Treating relapsing multiple sclerosis with subcutaneous versus intramuscular interferon-beta-1a: modelling the clinical and economic implications.

The EVIDENCE trial concluded that administering high-dose/high-frequency subcutaneous (SC) interferon-beta-1a (IFNb1a) was more effective in preventing relapses among patients with relapsing multiple sclerosis (MS) than low-dose weekly intramuscular (IM) IFNb1a after 64 weeks. This analysis utilized discrete-event simulation (DES) to model the potential longer-term clinical and economic implications of this trial. A DES predicting the course of relapsing MS and incorporating the effect of IFNb1a therapy was developed. The model began by randomly reading in actual patient data from the trial to create 1000 patients. Each simulated patient was replicated - one was assigned to receive SC IFNb1a three times a week and the other to receive IM IFNb1a once a week. During the simulation, patients may (i) experience relapses, with associated short- and long-term impacts on costs and disability; (ii) develop new T2 lesions detected by a magnetic resonance imaging scan; (iii) discontinue treatment because of adverse events or lack of response; (iv) advance to secondary progressive MS; or (v) die. Model inputs were mainly obtained from the EVIDENCE trial, but were taken from published literature if they could not be obtained from the trial.

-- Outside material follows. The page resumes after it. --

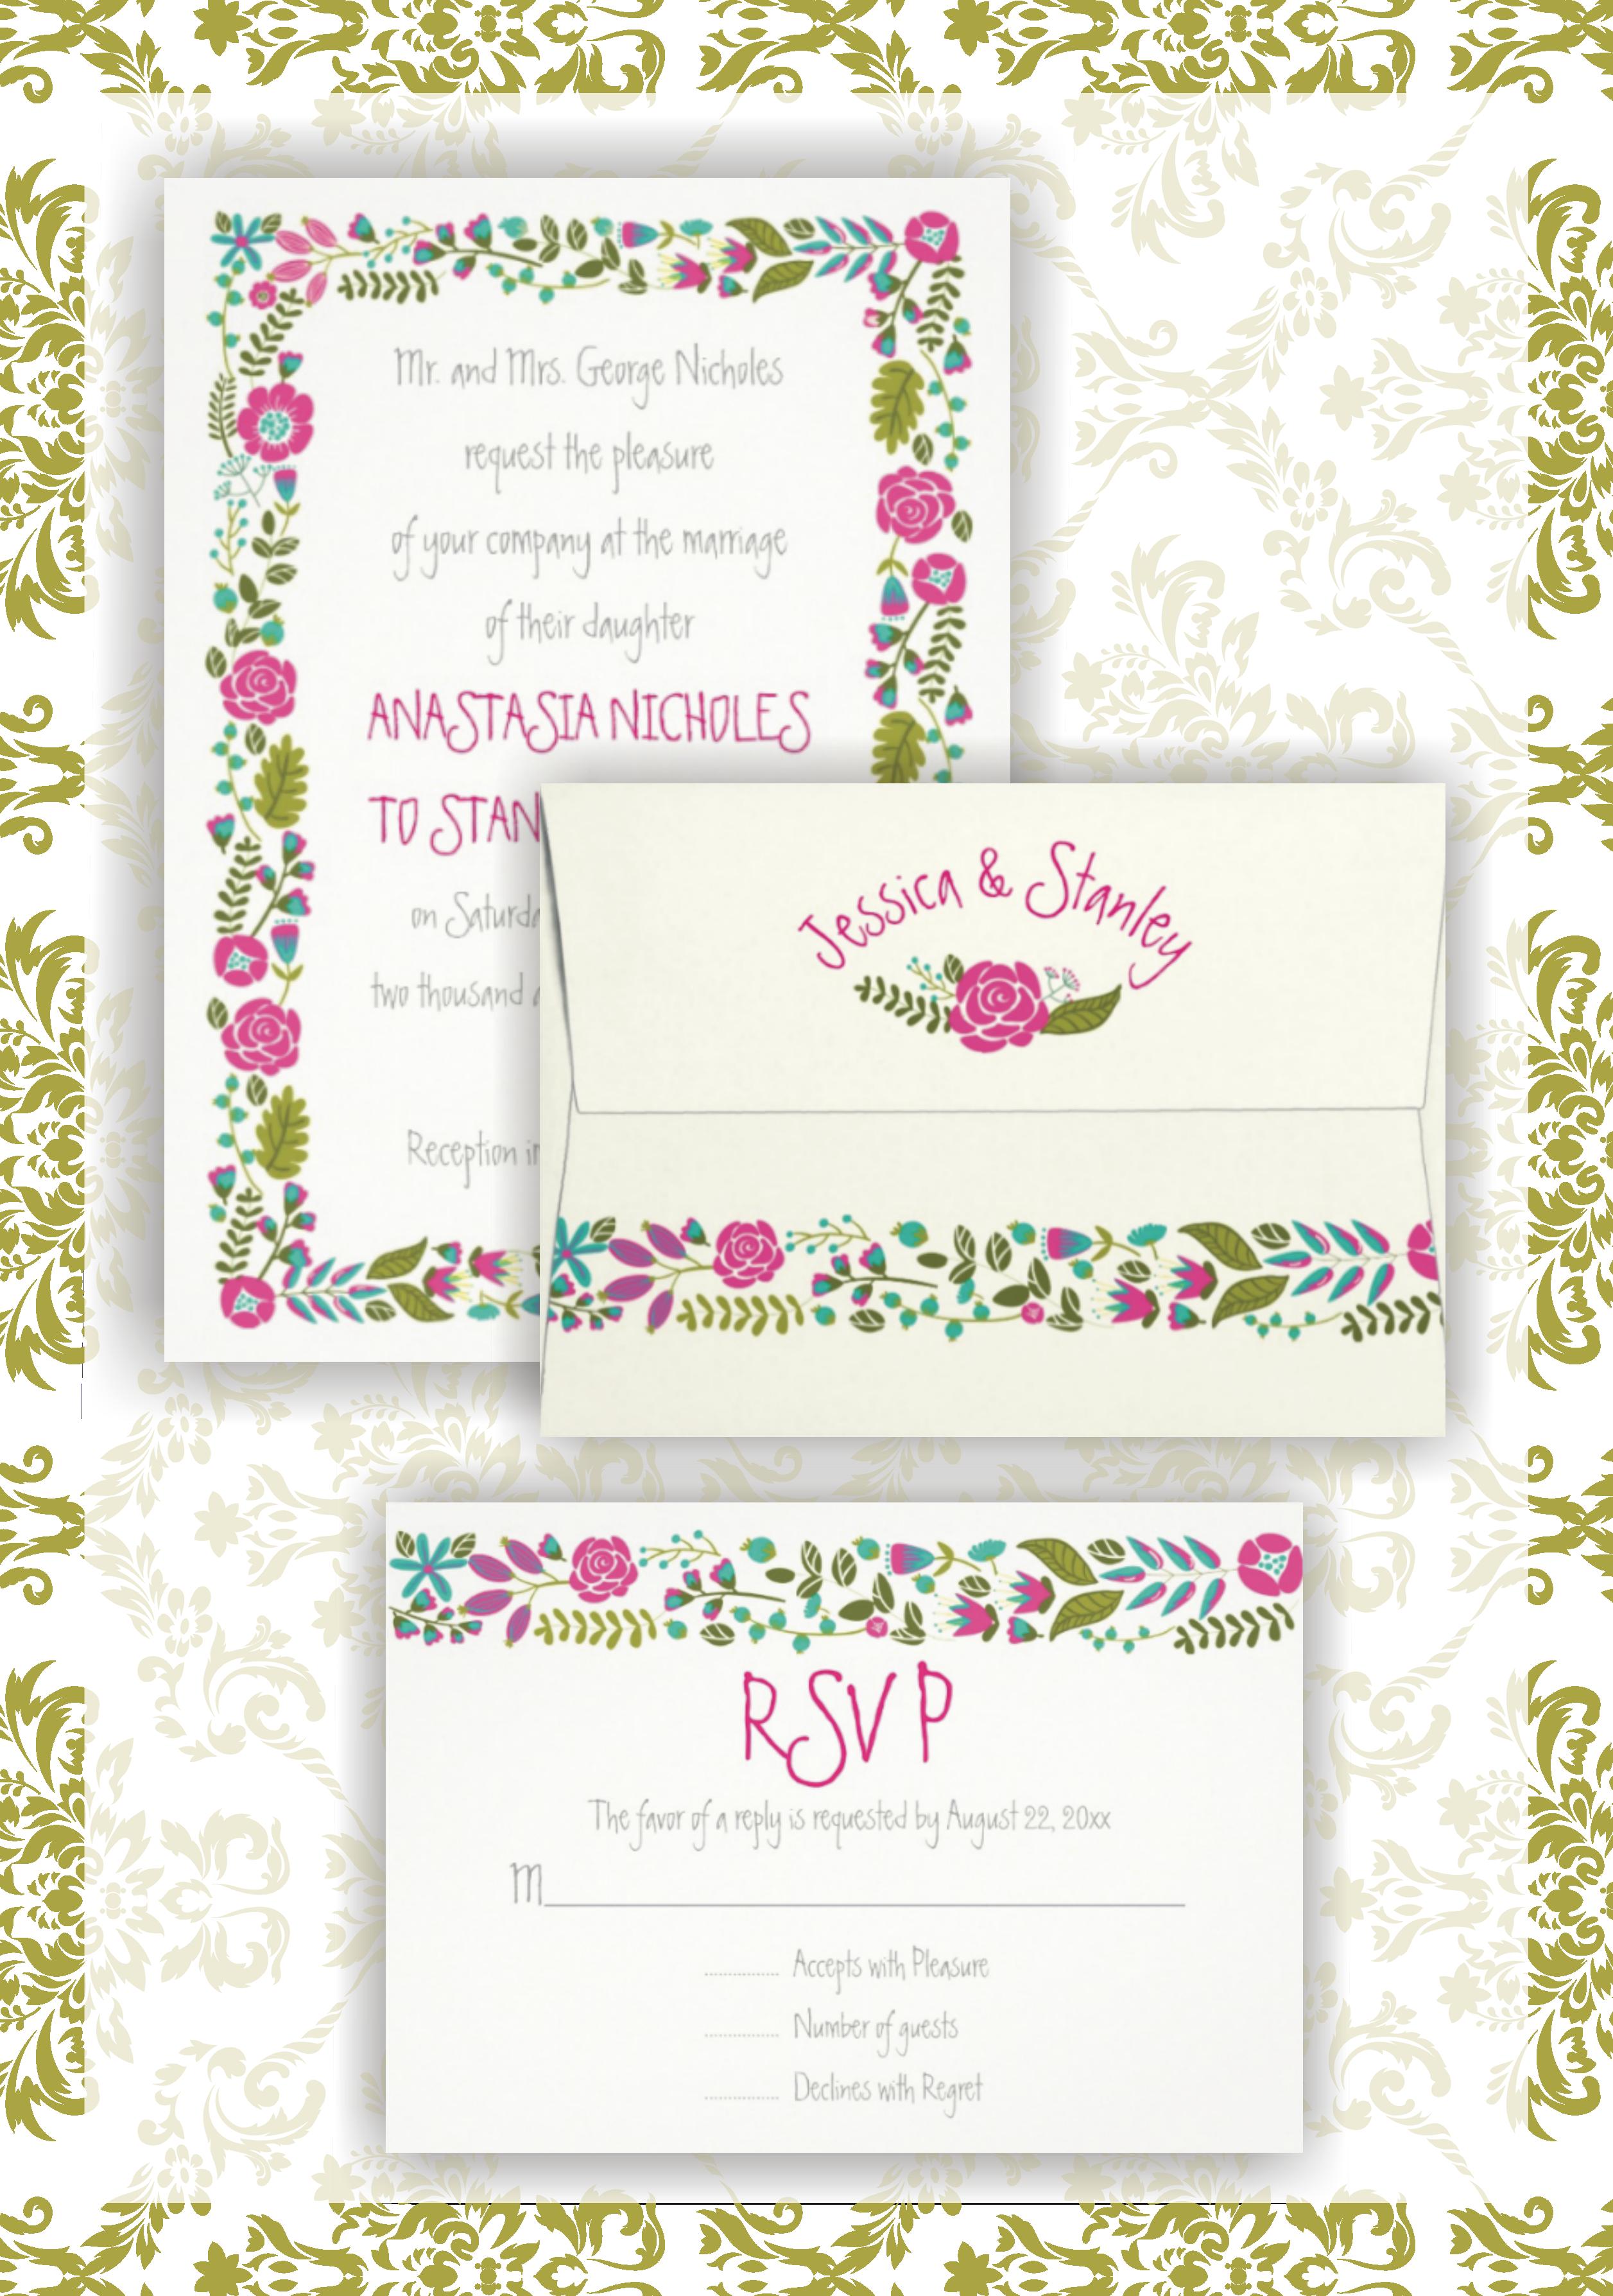 Vintage hot pink, aqua blue, teal floral border wedding invitations ...

Direct medical costs ($US, year 2006 values) to the US payers were primarily obtained by updating a published cost analysis. Costs and benefits were discounted at 3% per annum. Extensive sensitivity analyses were conducted to test the robustness of the model results. Based on 100 replications of 1000 patient pairs over 4 years, SC IFNb1a was predicted to enable more patients to avoid relapse (216 vs 147). Total mean costs per patient (discounted) were $US79 890 with SC IFNb1a versus $US74 485 with IM administration, a net increase of $US5405 per patient. However, SC IFNb1a was estimated to prevent 0.50 relapses and save 23 relapse-free days per patient, yielding incremental cost-effectiveness ratios of $US10 755 per relapse prevented and $US232 per relapse-free day gained. Sensitivity analyses revealed that the result was most sensitive to the treatment efficacy, model time horizon and cost of IFNb1a treatment. Based on the results observed in the EVIDENCE trial, the model predicted that SC IFNb1a would yield greater health benefits over 4 years than IM IFNb1a, at a cost that would seem to be a reasonable trade-off.